Statins: Statins are HMG-CoA reductase inhibitors with proven neuroprotective activity in experimental TBI studies through targeting of multiple secondary injuries [103]. More precisely, statins upregulate eNOS, have a palliative effect on cerebral autoregulation (CA), and improve stroke outcomes [145].
iNOS and iNOS inhibitors (Aminoguanidine (AG), L-NIL and 1400W): iNOS is an inducible type of NOS which is stimulated by injury-induced stimuli, such as inflammatory modulators, ROS, etc. [146,147,148,149]. In rats exposed to FPI, intraperitoneal injection of 100 mg/kg aminoguanidine (AG) twice daily for 3 days reduced the total cortical necrotic neuron counts but not the contusion volume [150]. Blast induced-TBI in rats showed that those receiving AG either prophylactically or after the injury performed better on neurobehavioral tests and had reduced cortical neuron degeneration compared with those receiving saline injection [151]. In an FPI model of brain trauma in rats at 6 h after injury, the following 3 iNOS inhibitors were given at 6 h post-injury: aminoguanidine (AG; 100 mg/kg intraperitoneally), l-N-iminoethyl-lysine (l-NIL; 20 mg/kg intraperitoneally), or N-[3-(aminomethyl)benzyl]acetamide (1400W; 20 mg/kg subcutaneously). All three improved neurofunctional outcomes, but AG also reduced brain edema [152].

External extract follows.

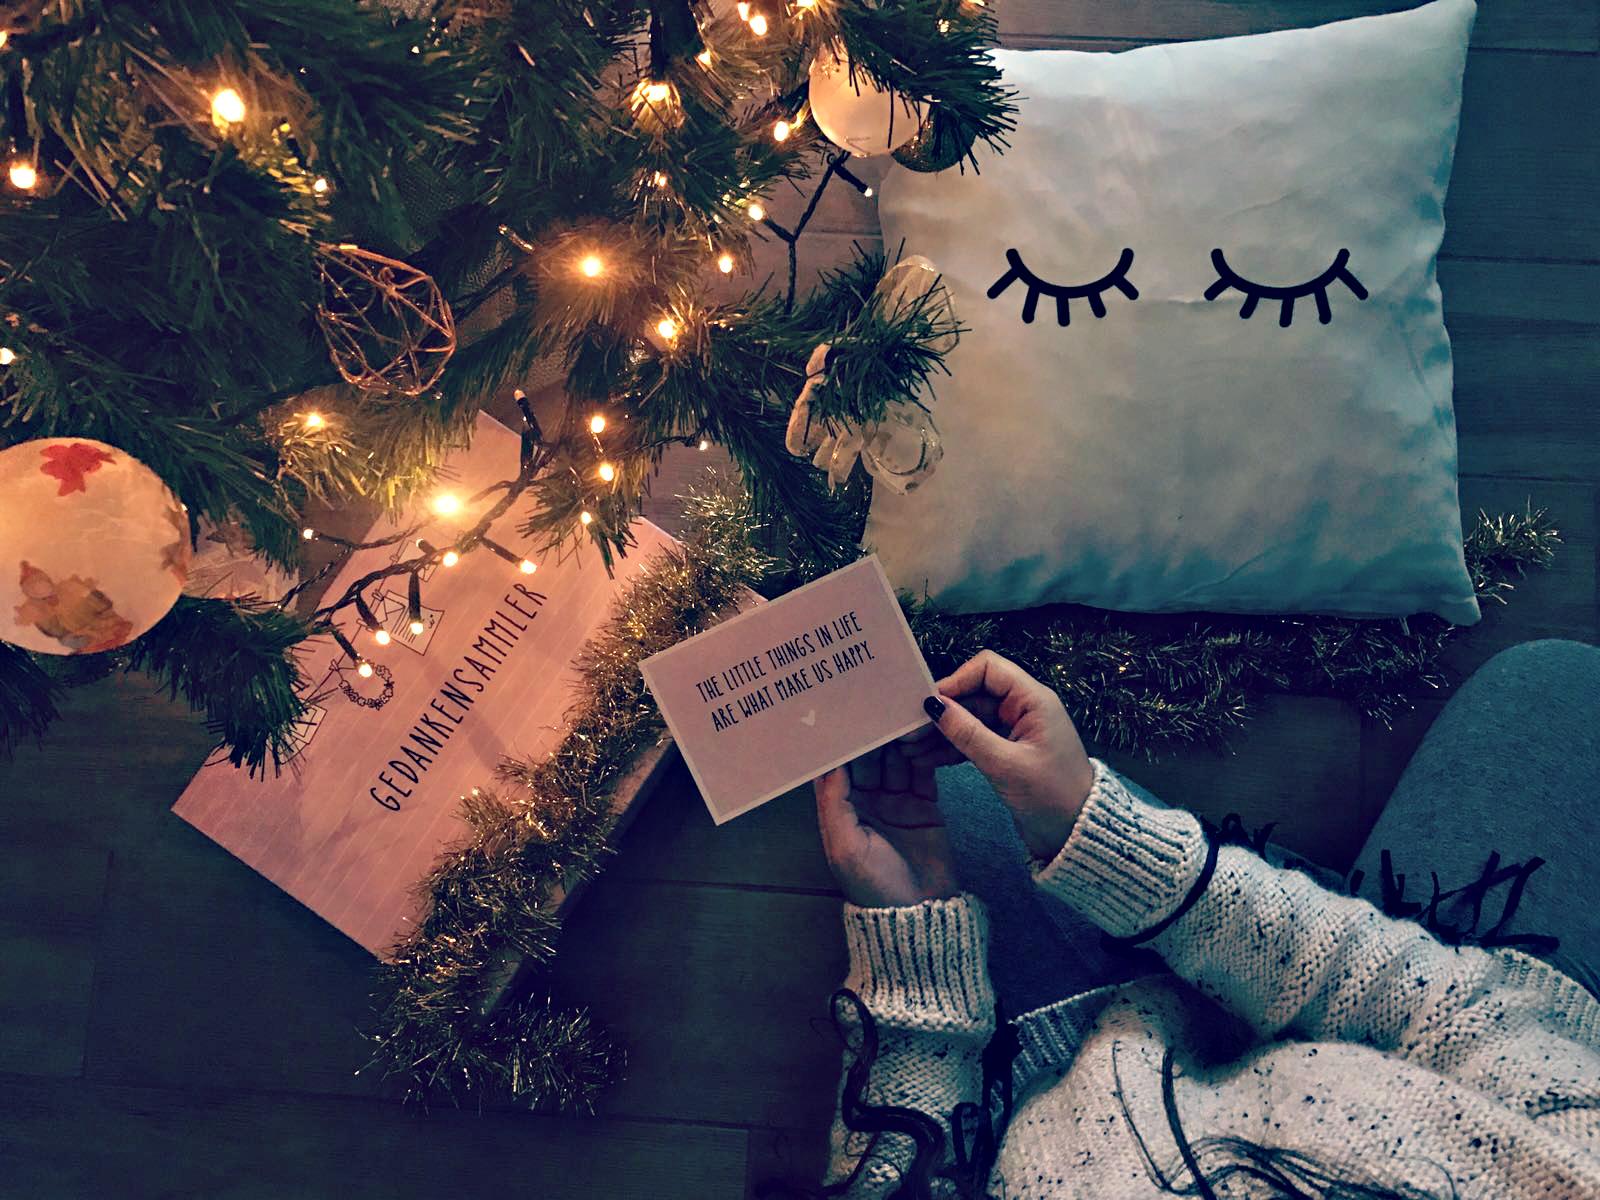 Regali Di Natale Pensierini.Pensieri In Viaggio Regali Di Natale E Non Per Viaggiatori

Ronopterin (also termed 4-amino-tetrahydrobiopterin or VAS203): In a phase IIa RCT with moderate to severe TBI subjects (NO Synthase inhibition in traumatic brain injury, NOSTRA), patients were given various IV infusion doses (15–30 mg/kg) of ronopterin, a NOS inhibitor. Ronopterin treatment showed no marked alteration in ICP, CPP, or brain metabolism. Other than a transitory acute kidney injury in half of the patients receiving the highest dose, no other toxic side effects were reported. Additionally, ronopterin had a neuroprotective role shown by significant improvement of extended Glasgow Outcome Scores (eGOS) at 6 months [153]. These positive results lead NOSTRA trial into phase III which is current and whose study protocol has been published [154].
3.5. Peroxynitrite and Peroxynitrite Scavengers
Peroxynitrite is formed by the reaction of superoxide and NO radicals, which contributes to impaired cerebral vascular reactivity after TBI [105,106]. Peroxynitrite interacts with DNA, proteins, and lipids via oxidizing or radical-mediated mechanisms. In addition, it reacts with tyrosine residues of proteins to yield nitrotyrosine and impairs activity [155].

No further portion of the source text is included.